Germany feels quiet pride five years on from refugee crisis

Berlin Letter: What is striking about arrival of 1.2m people is not what failed, but how much worked

Young migrants wait for the arrival of the German president at an accommodation for refugees in Bergisch Gladbach, western Germany on November 12th, 2015. Photograph: Patrik Stollarz/AFP via Getty
Young migrants wait for the arrival of the German president at an accommodation for refugees in Bergisch Gladbach, western Germany on November 12th, 2015. Photograph: Patrik Stollarz/AFP via Getty

Exactly five years ago, Angela Merkel uttered three words that will define her legacy more than all the millions of other words in her 15-year chancellorship.

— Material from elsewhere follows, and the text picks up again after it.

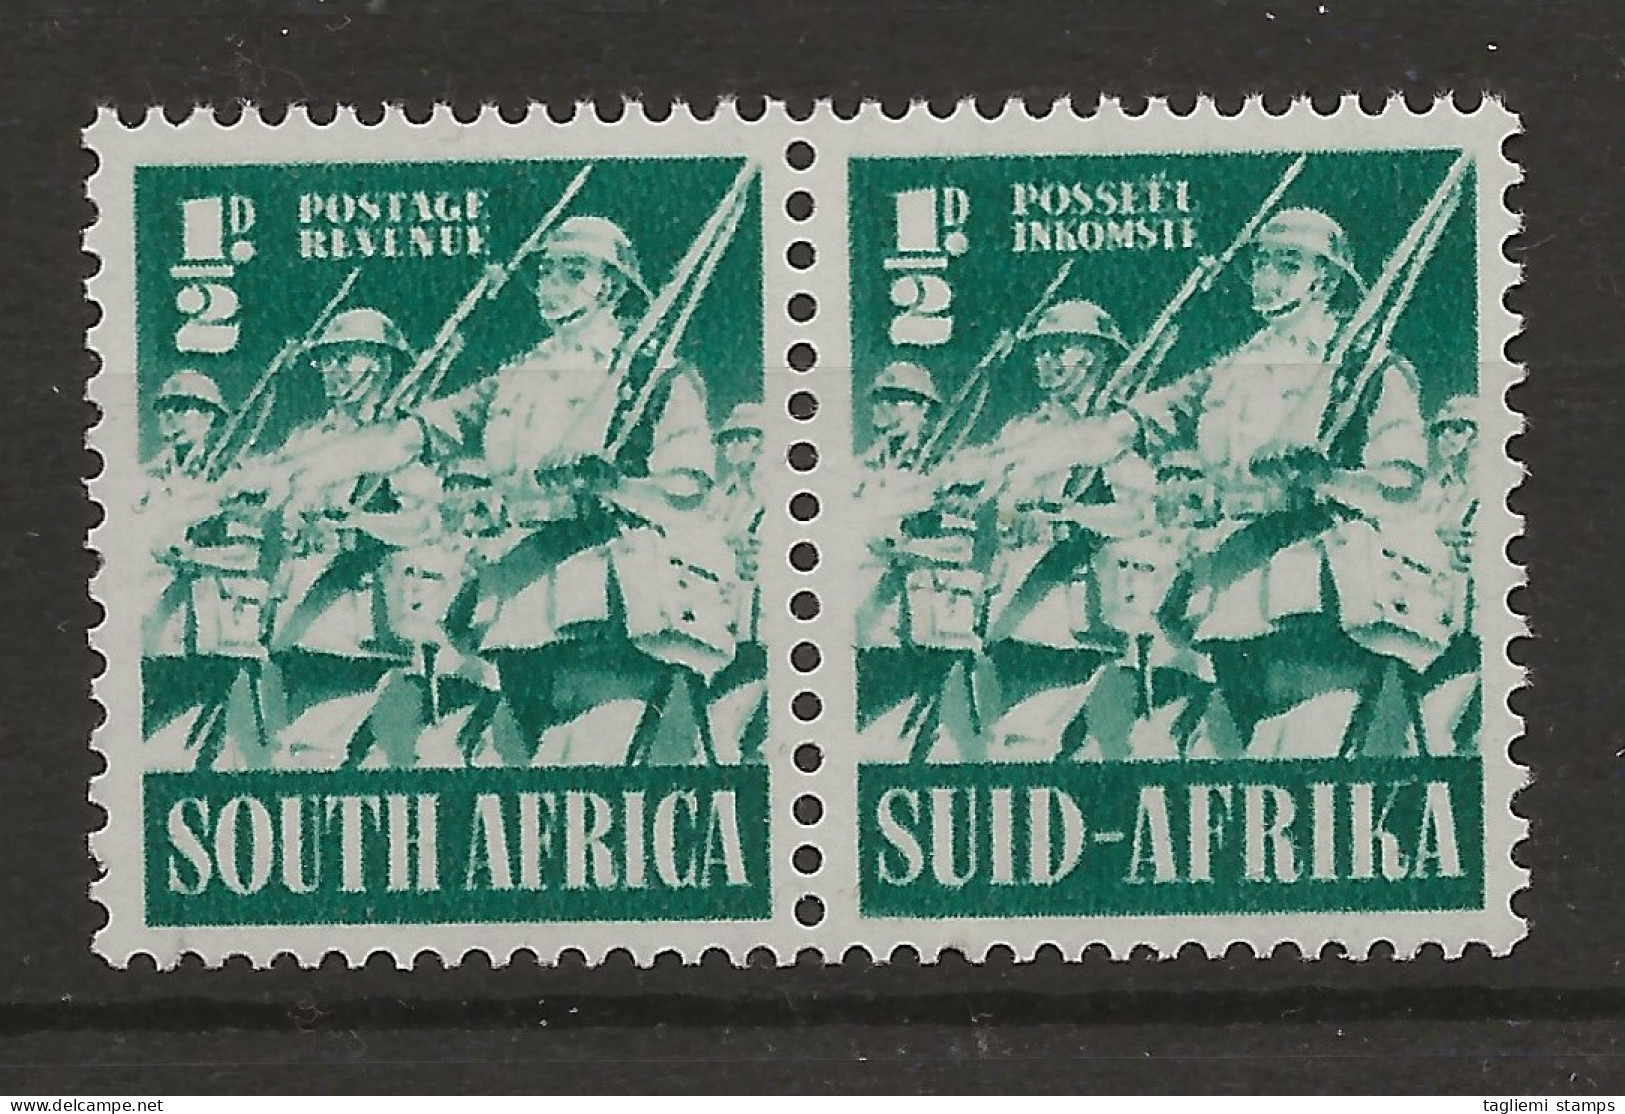 South Africa, 1941, SG  88, Pair, MNH - Unused Stamps

It was the peak of the refugee crisis that would bring about 1.2 million people into the country. The German leader, sensing the mood was darkening, insisted at a press conference: “We have managed so much, we’ll manage this . . . and where something stands in our way, it must be overcome.”

Many applauded Merkel’s “we’ll manage this” exhortation as a demonstration of pragmatic, moral leadership; others were provoked and felt railroaded into accepting mass immigration.

The people continued to arrive and Germany, alongside Austria and Sweden, took in more than its share of desperate people while other EU neighbours averted their gaze.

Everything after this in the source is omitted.